Customizable legal provisions to help implement international best practices, principles, and guidance on responsible agricultural investment

60. Remedies

 

60.1 The Parties shall cooperate in the application of the remedies provided for in this Section and shall apply such remedies in a manner that is commensurate to the seriousness of the breach in question, with a view to preserving, as much as possible, the Parties’ ongoing relationship and achieving the purpose of this Agreement.

60.2 Unless a Force Majeure Event takes place, a Party failing to comply with any obligation in this Agreement is in breach of this Agreement.

60.3 Aggrieved Party’s duty to mitigate breach: Where a Party (the Aggrieved Party) becomes aware that another Party (the Breaching Party) is or will be in breach of one or more of its obligations under this Agreement, the Aggrieved Party shall notify the Breaching Party in writing and shall take all reasonable measures to minimize and mitigate the effects of the breach.
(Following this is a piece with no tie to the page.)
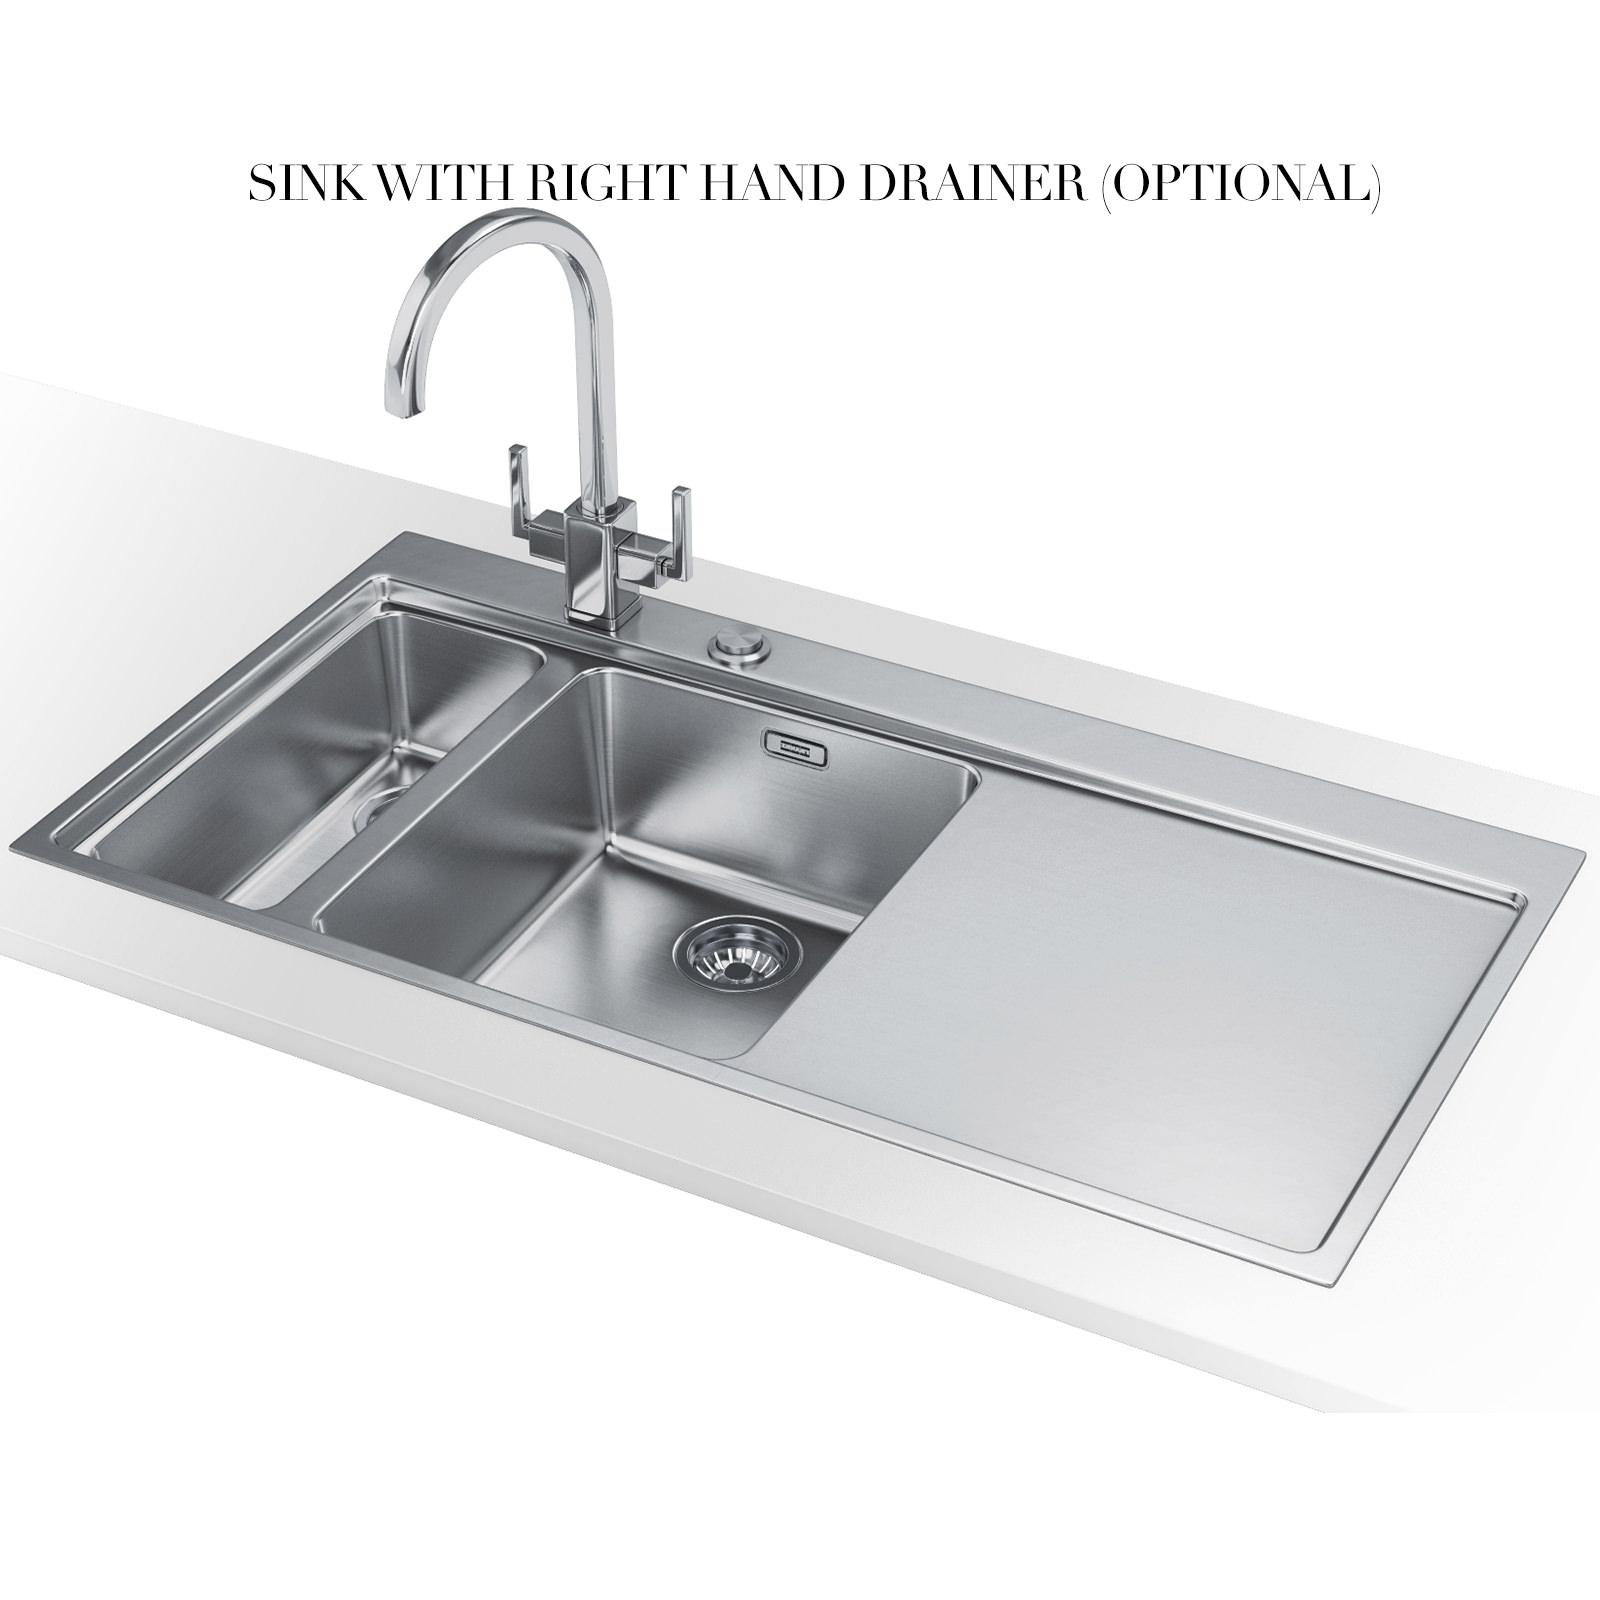 Franke Sink Tops : ... of Franke Mythos MMX 261 Slim-Top 1.5 Bowl Stainless Steel Inset Sink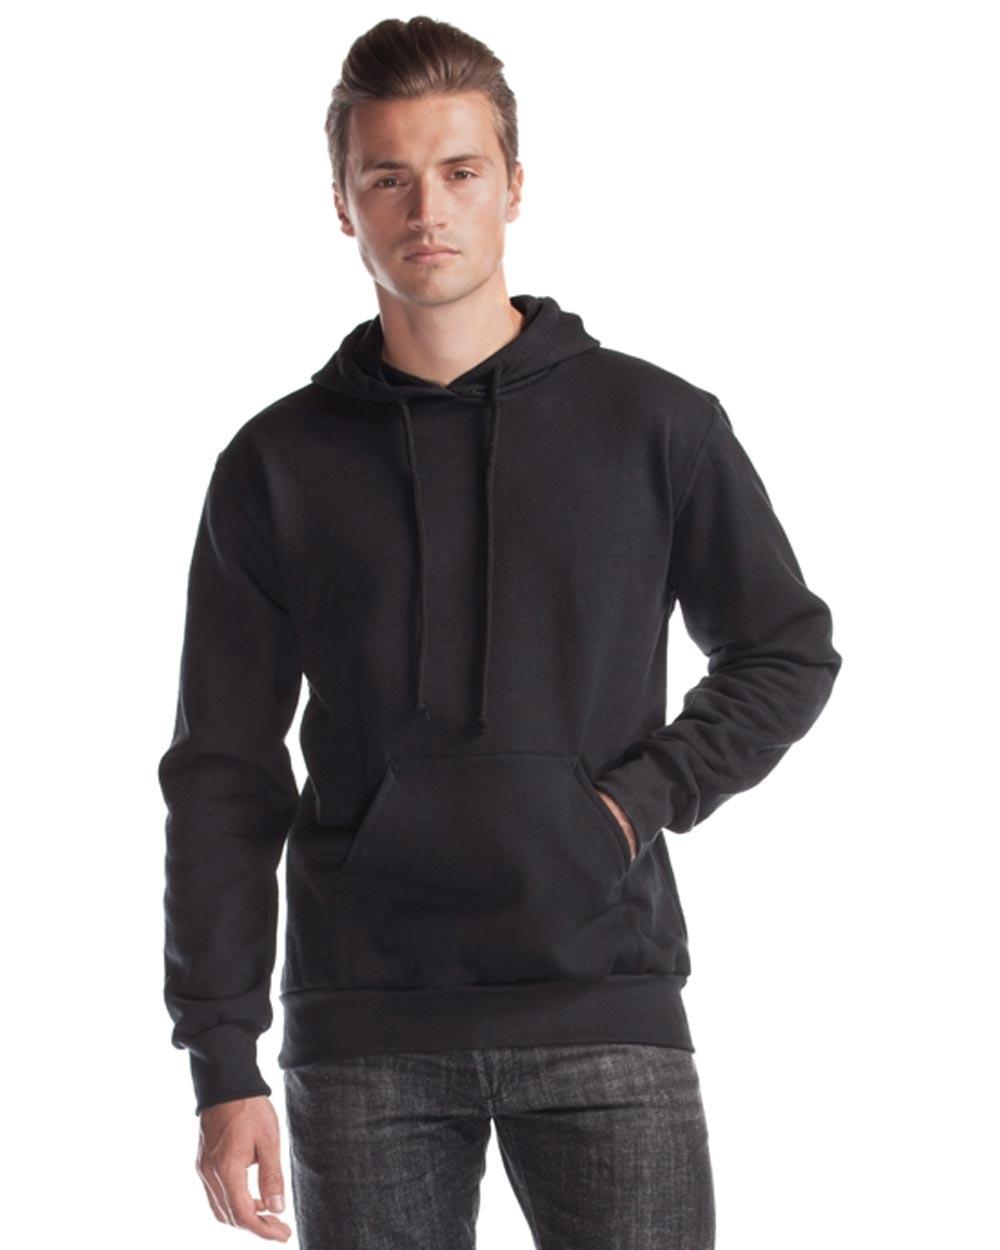 Jerico Ultra Cotton Hooded Sweatshirt

The Aggrieved Party shall be entitled to recover from the Breaching Party any reasonable expenses or difference in value incurred in taking measures in mitigation in accordance with this Section.

60.4 Breaching Party’s right to prevent or cure breach: Where the Breaching Party has been notified or otherwise becomes aware that it is or will be in breach of one of more of its obligations under this Agreement, it shall immediately take all reasonable measures at its own cost to prevent or cure the breach [as soon as practicably possible]/[within [insert number] days], including by;

(a) bringing any aspect of the Project Operations that are non-compliant with this Agreement or the Applicable Law into compliance with same;

(b) replacing any non-conforming goods or services with goods or services which conform with the requirements of this Agreement;

(c) modifying or correcting any non-conforming production method or other process required by this Agreement, including in accordance with any specific instructions issued by the Aggrieved Party or any relevant certification body; and

(d) [insert other possible cures for breach based on the specificities of the Project or delete the words “including by” and do not provide an illustrative list of cures.]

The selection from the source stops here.